» **TASK DIRECTIONS**
Exactly and only the lines below from the one containing "Ninja Thirsti VITAMINS" down to the one containing "Кухонный нож FoREST" are wanted, both included; please exclude every picture.

» **DATA RECORDS**

========================

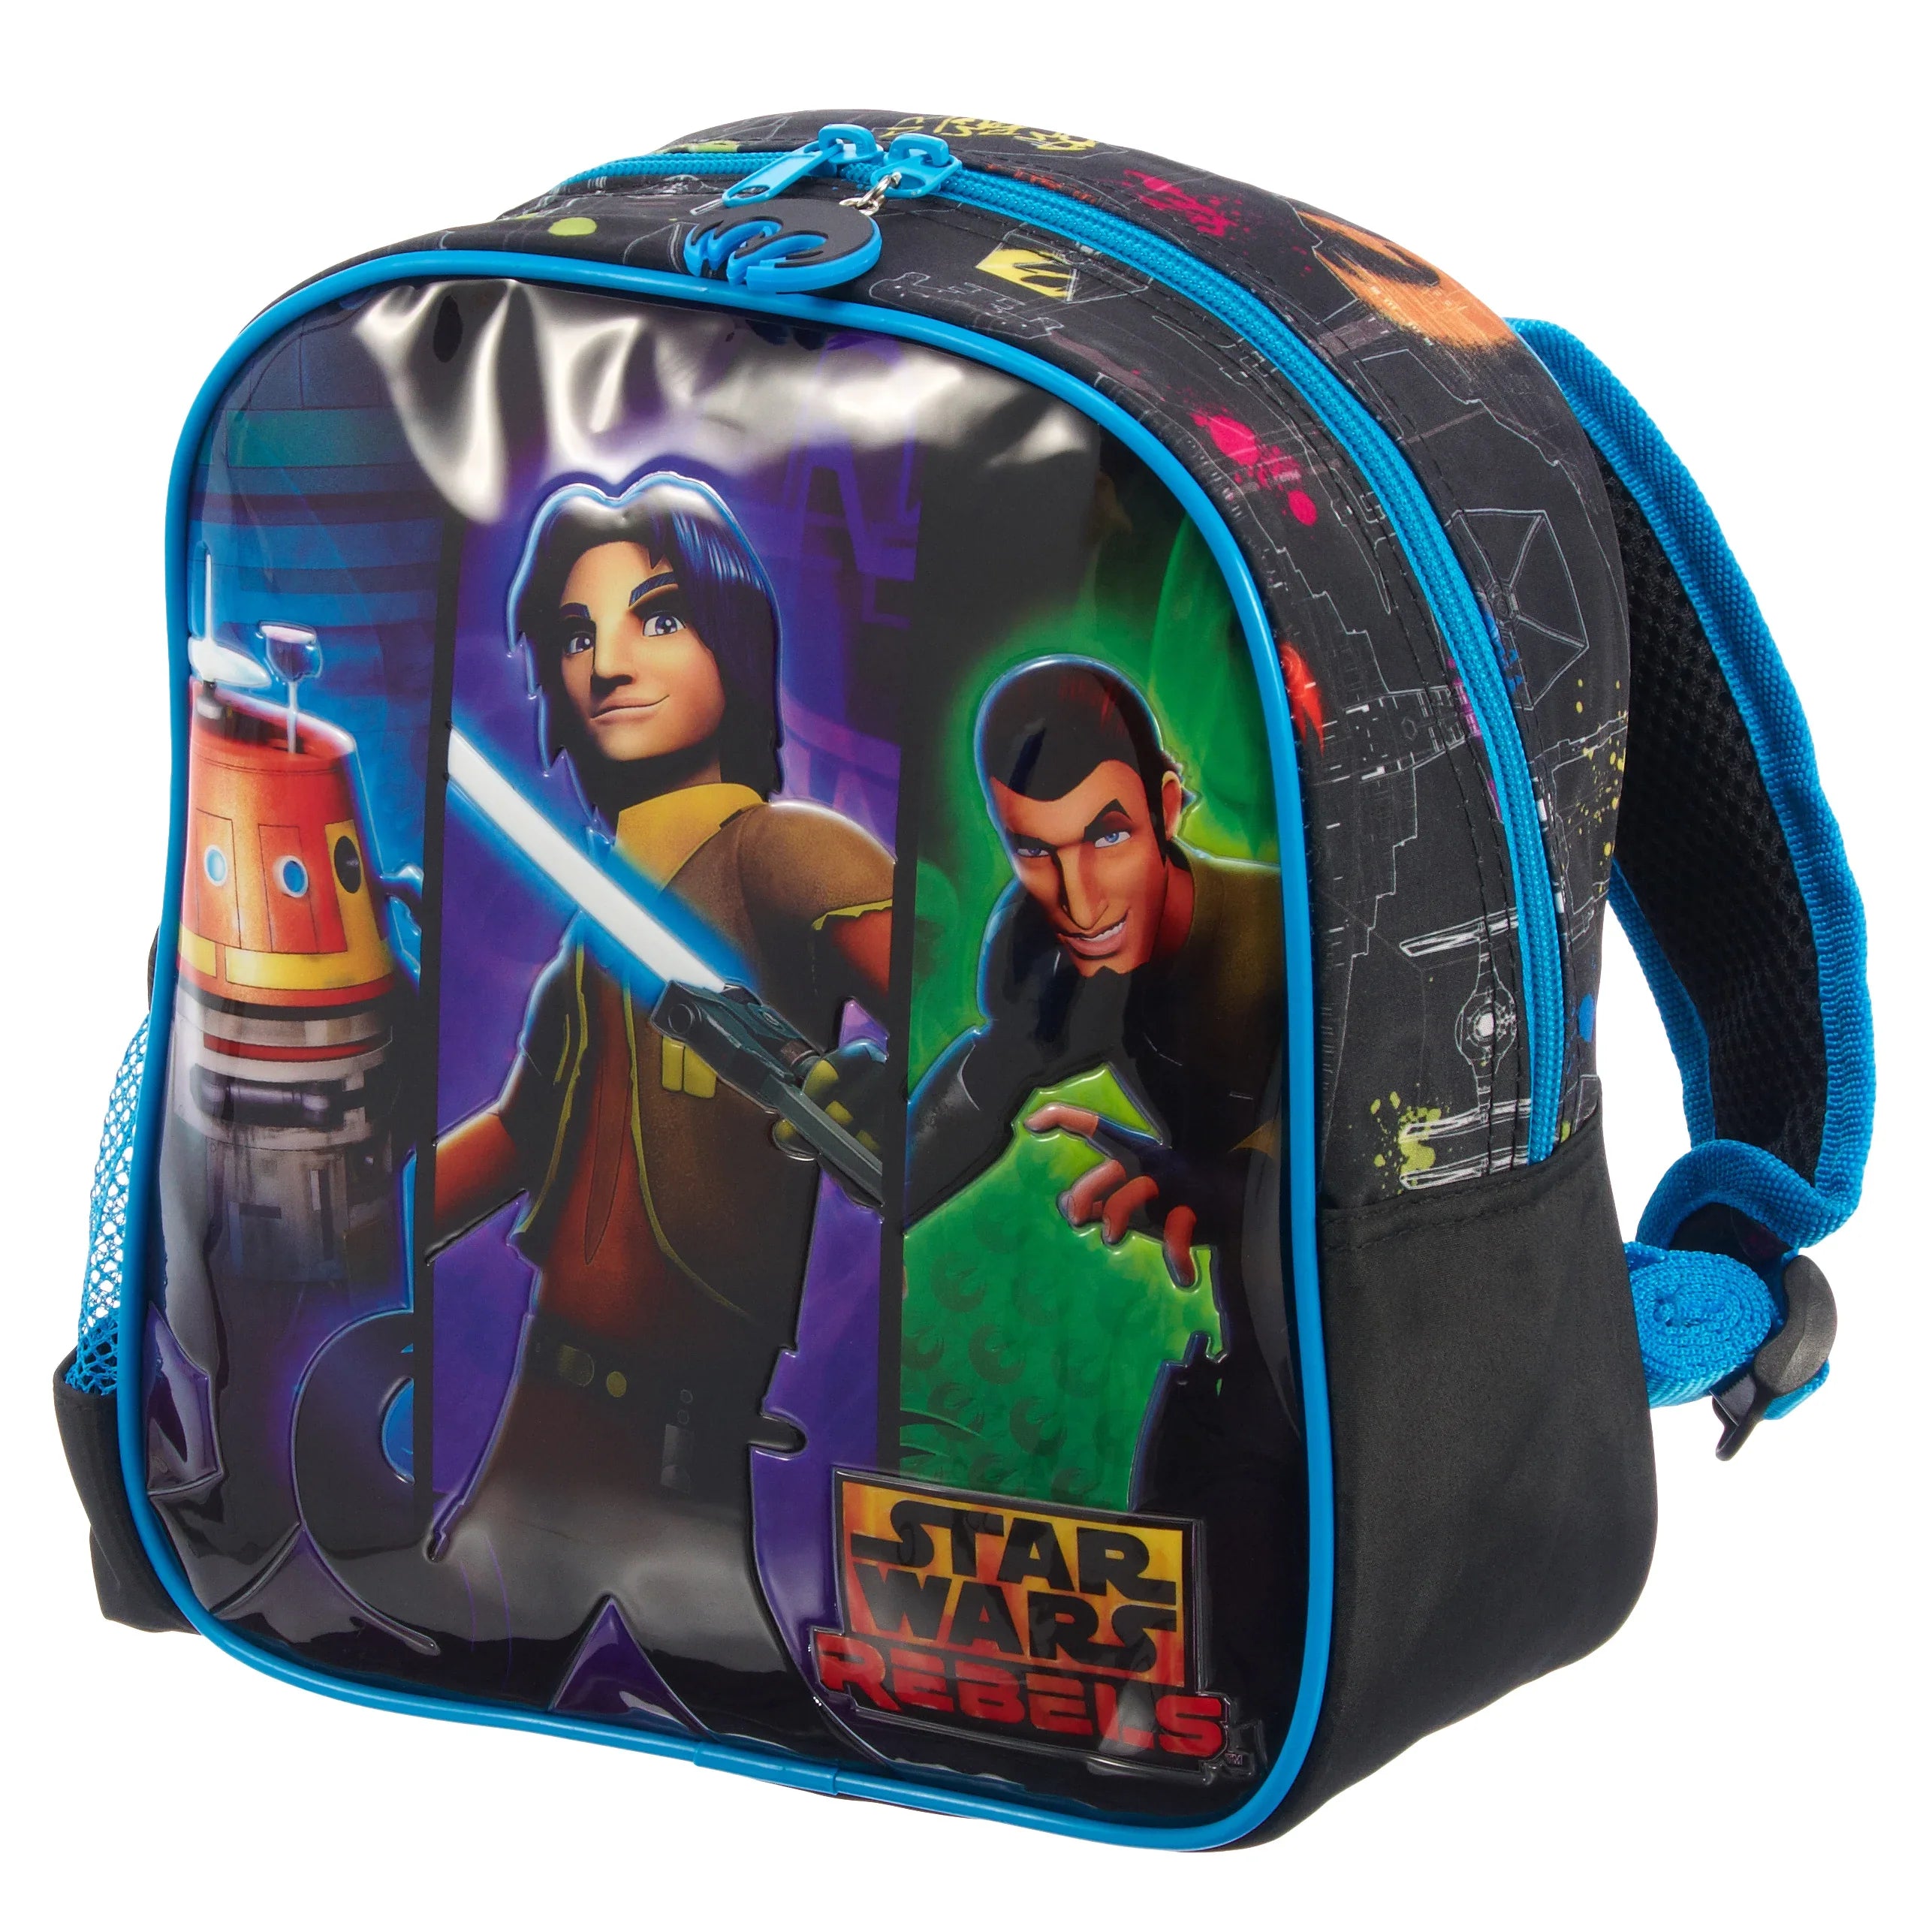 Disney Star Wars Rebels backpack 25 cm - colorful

========================

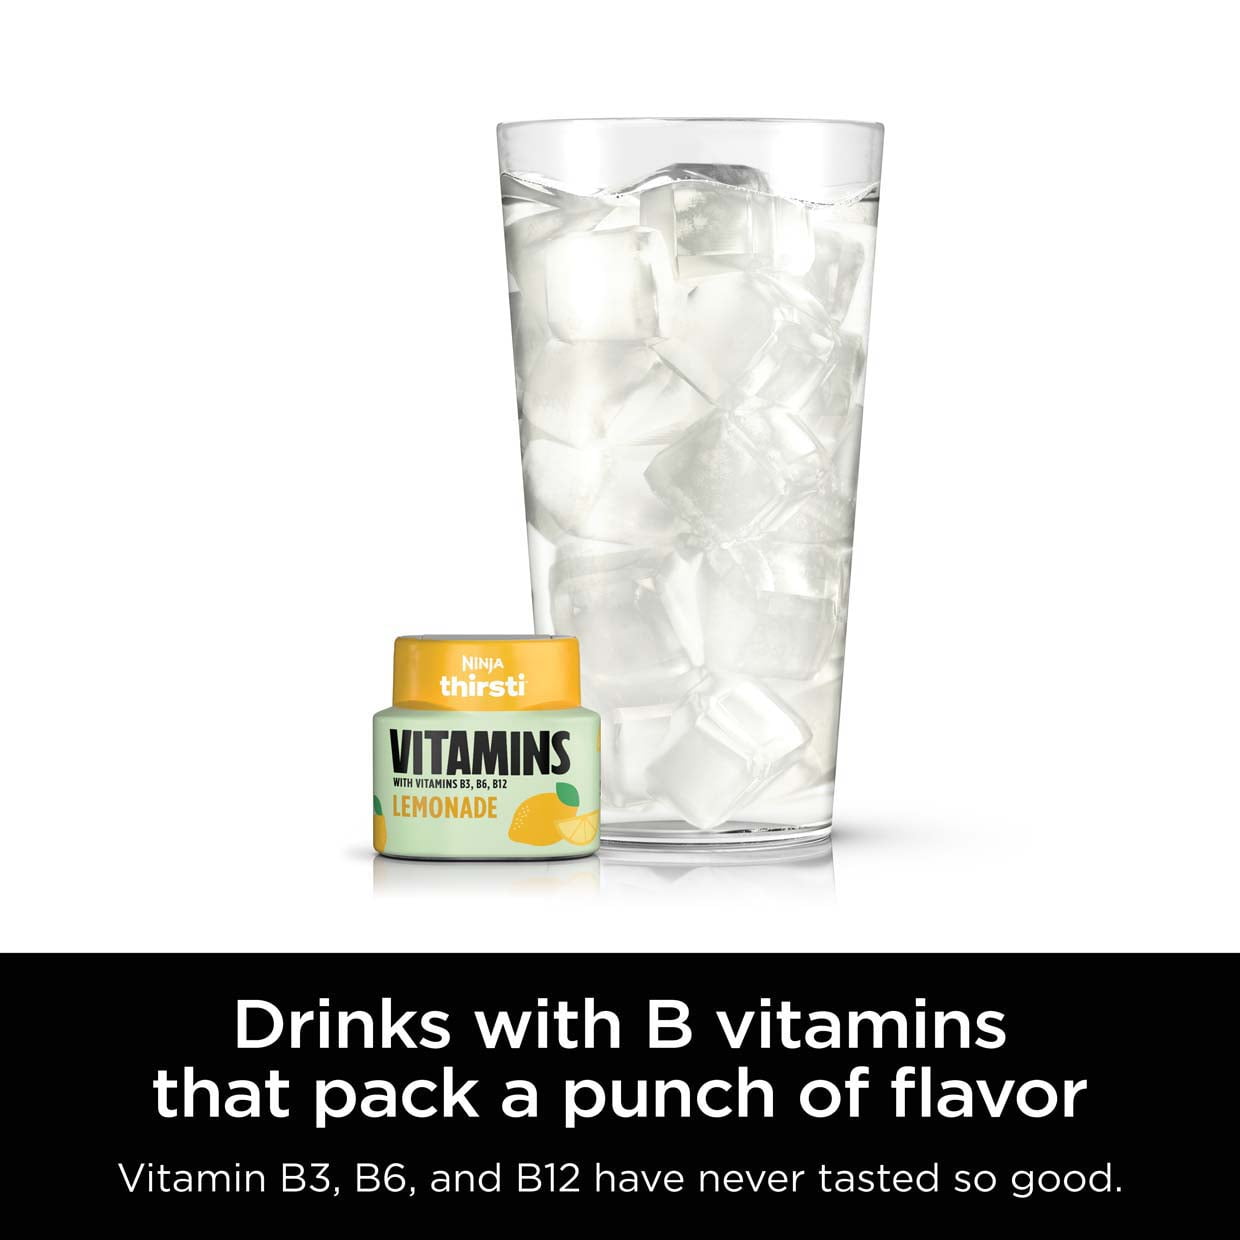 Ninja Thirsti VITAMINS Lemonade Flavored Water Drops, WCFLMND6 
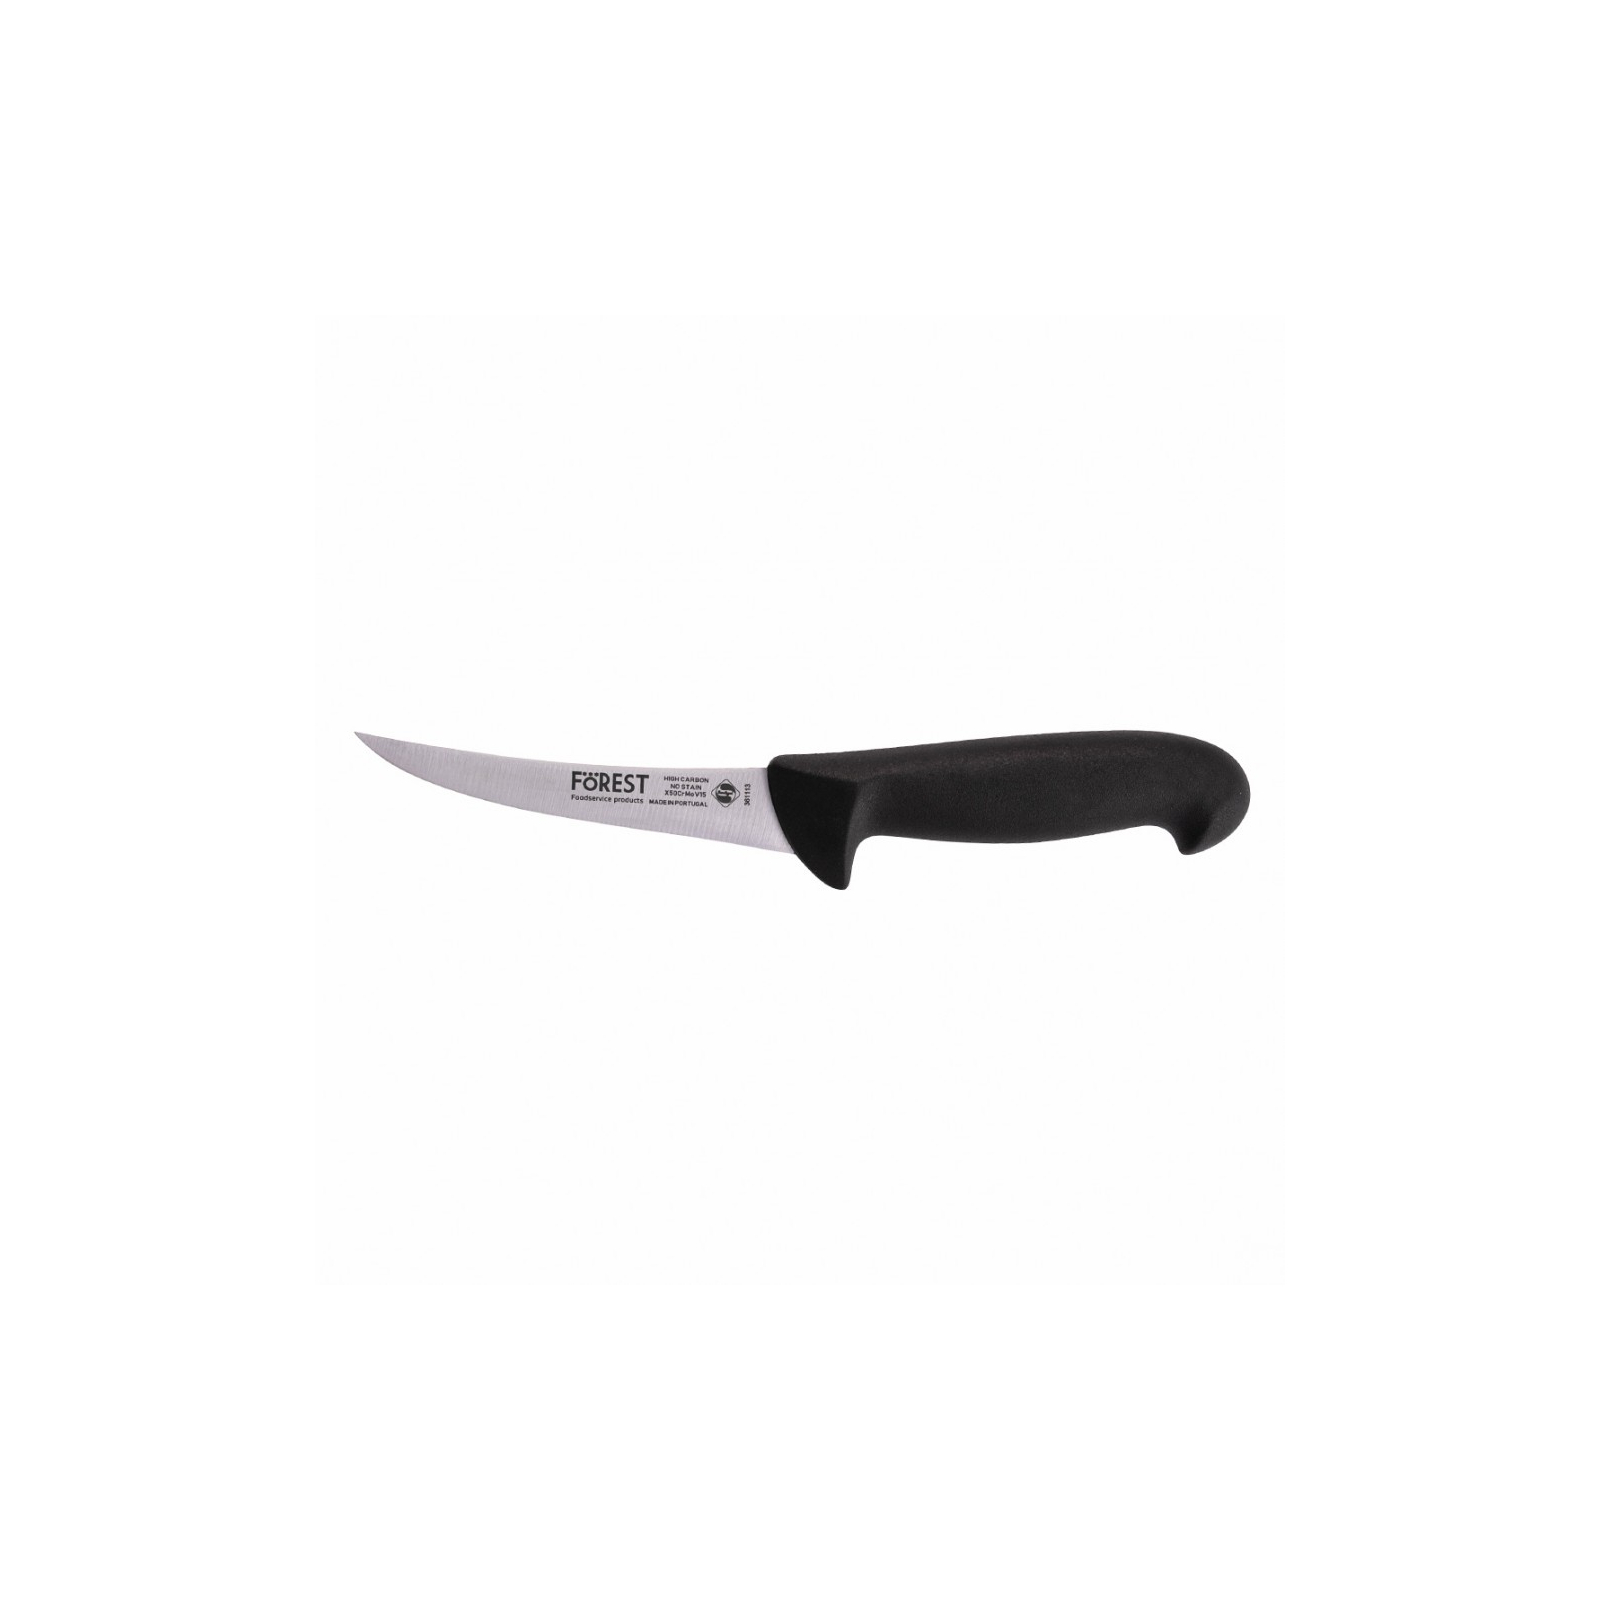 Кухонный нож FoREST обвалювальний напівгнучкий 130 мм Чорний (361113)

========================

» **OUTPUT OF THE EXERCISE**
 Ninja Thirsti VITAMINS Lemonade Flavored Water Drops, WCFLMND6 
 Кухонный нож FoREST обвалювальний напівгнучкий 130 мм Чорний (361113)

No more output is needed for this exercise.